Dear Michael,
I have two comments, although they may not be directly helpful.
(1) for GLMs such as occupancy models you should better use likelihood ratio tests, rather than the Wald z tests reported in the summary. The latter assume a symmetric sampling distribution of the estimates and I think this is often not the case. The LRT is more robust in this sense I believe and should use as a default significance test in GLMs.
(2) that thing with non-overlapping versus overlapping CI's is merely apocryphal and I am quite certain that you can have statistically significant differences between two groups and yet their 95% CI's may overlap. --- Surely some mathematician can prove that analytically, but for the rest of us, simulation would be the method to confirm or reject this belief.
Kind regards --- Marc
--
You received this message because you are subscribed to the Google Groups "unmarked" group.

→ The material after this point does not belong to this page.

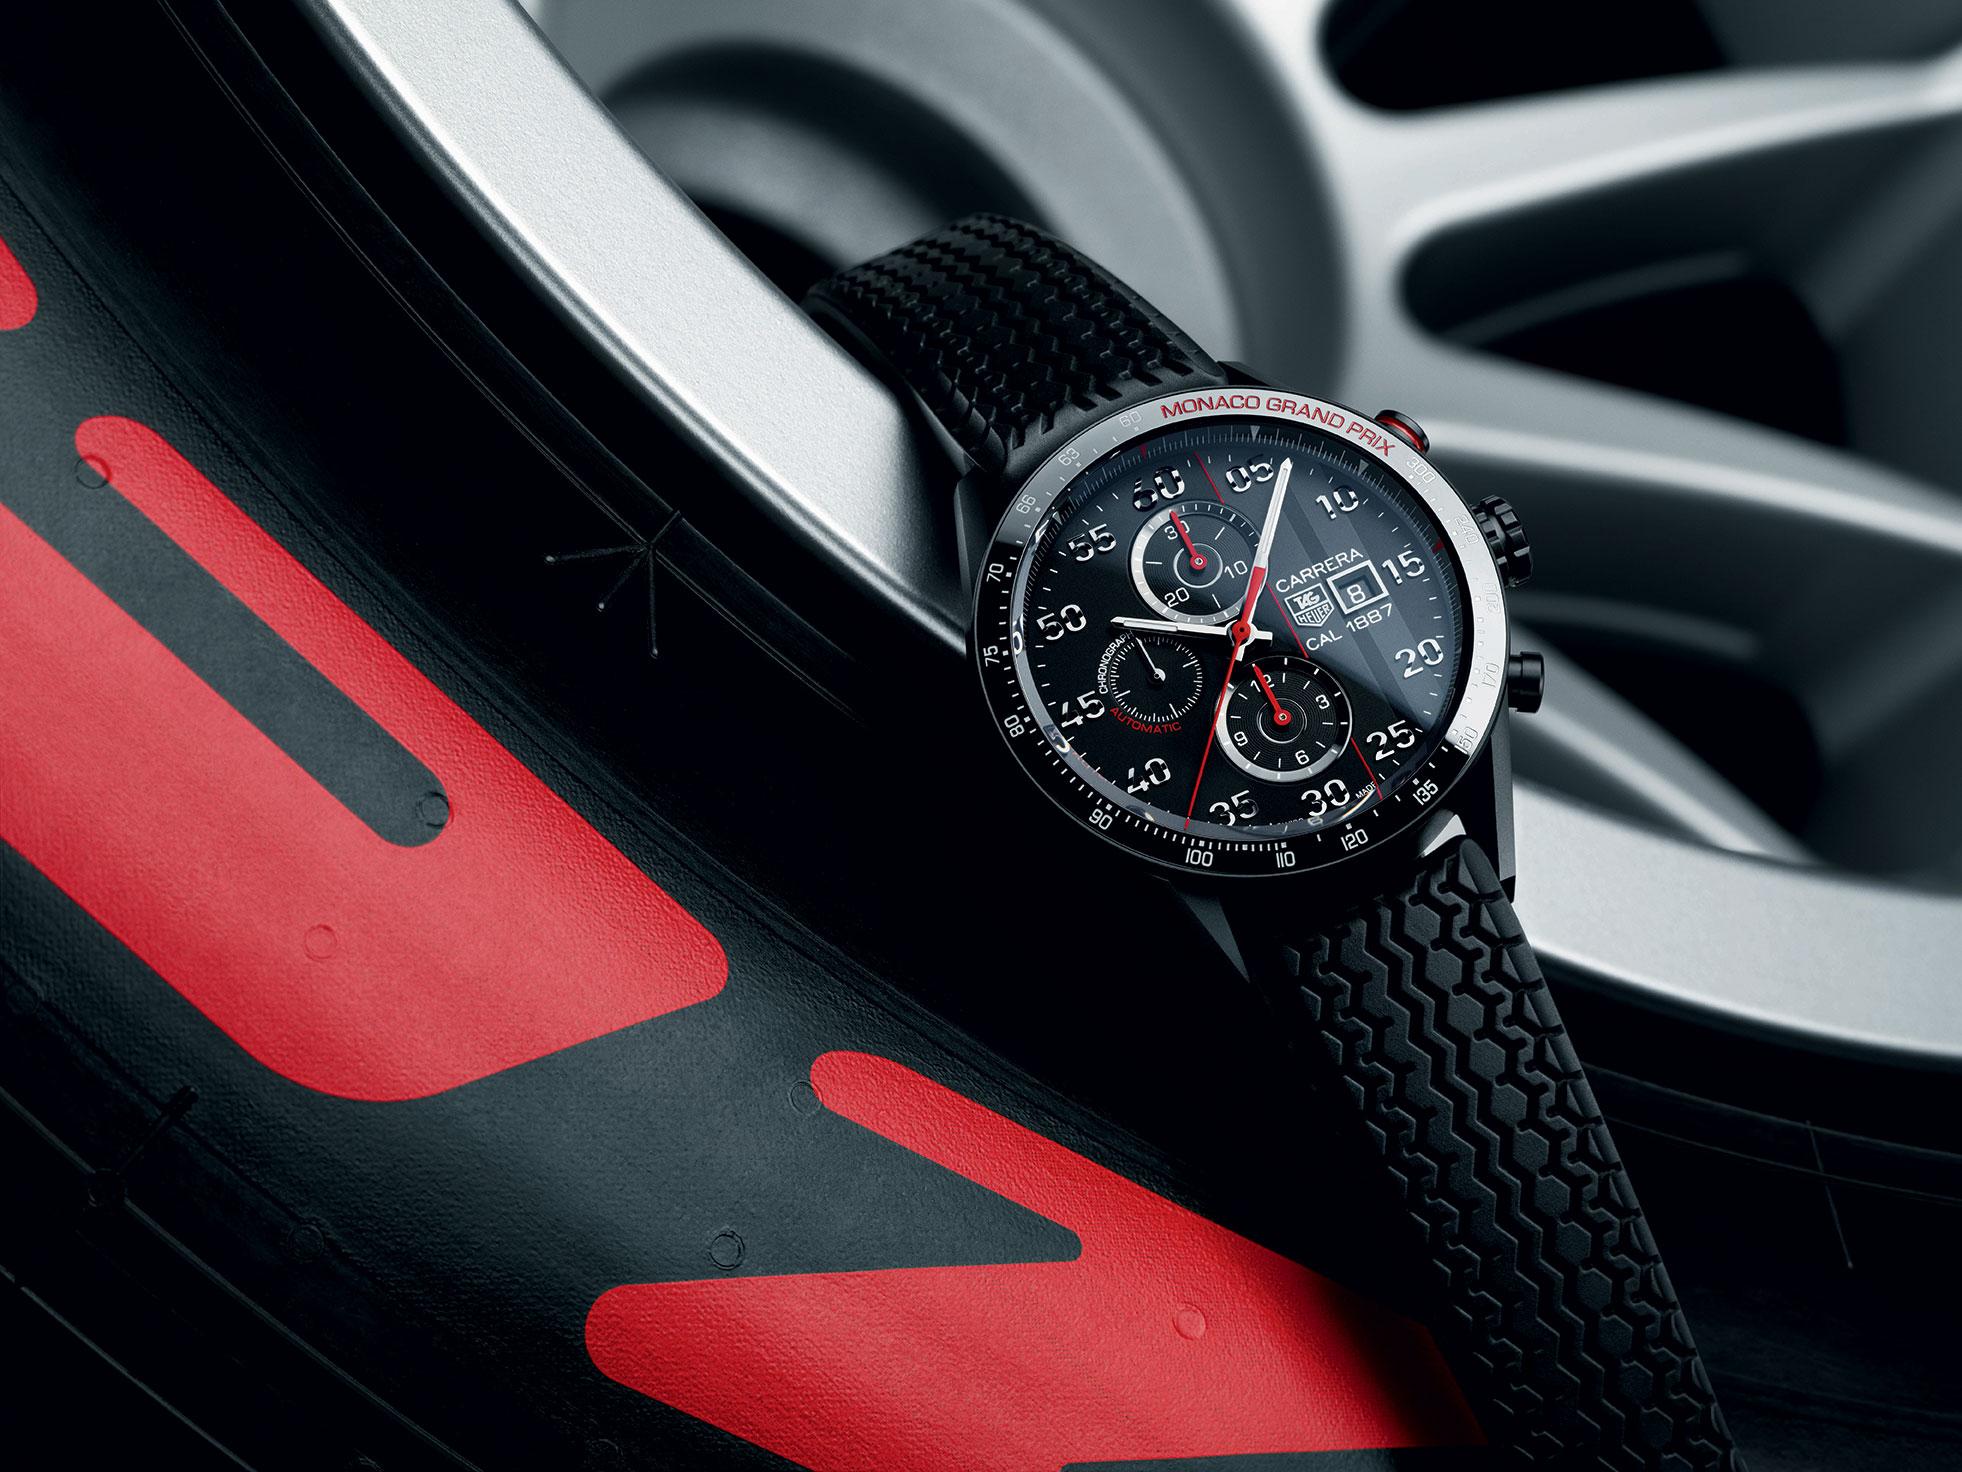 Naziv: 2014-TAG-Heuer-Carrera-1887-Monaco-Grand-Prix-Edition-watches-satovi-2.jpg, pregleda: 715, veličina: 426,7 KB

To unsubscribe from this group and stop receiving emails from it, send an email to
unmarked+u...@googlegroups.com.
For more options, visit https://groups.google.com/d/optout.
Dear Michael,
my understanding is that in GLMs, one best tests for significance using a likelihood ratio test (LRT). An occupancy model is a sort of combination of two linked logistic regressions (= Bernoulli GLMs), so I assume this is the same in this hierarchical GLM. Therefore, yes, this is the test I would base my conclusions on about an effect of habitat.
Now about the plotting of the effect, with associated uncertainty interval: I think that your interval is based on some sort of normality assumption of the estimator (as is the Wald test) and so this may not be adequate. Richard suggested this:
confint(fm, type="state", method="profile")
I think that profiled intervals would be better and might better reflect the result from the LRT.
So, my interpretation of your discrepancy between the numbers and the plot would be that your current plot is somewhat inadequate. And, again, you may still have overlapping Cis, because they can overlap even if the difference is significantly different from zero.
Kind regards - Marc
Hi Mike,
let me make a stab, interspersed with your email below.
Kind regards --- Marc
Von: unma...@googlegroups.com [mailto:unma...@googlegroups.com]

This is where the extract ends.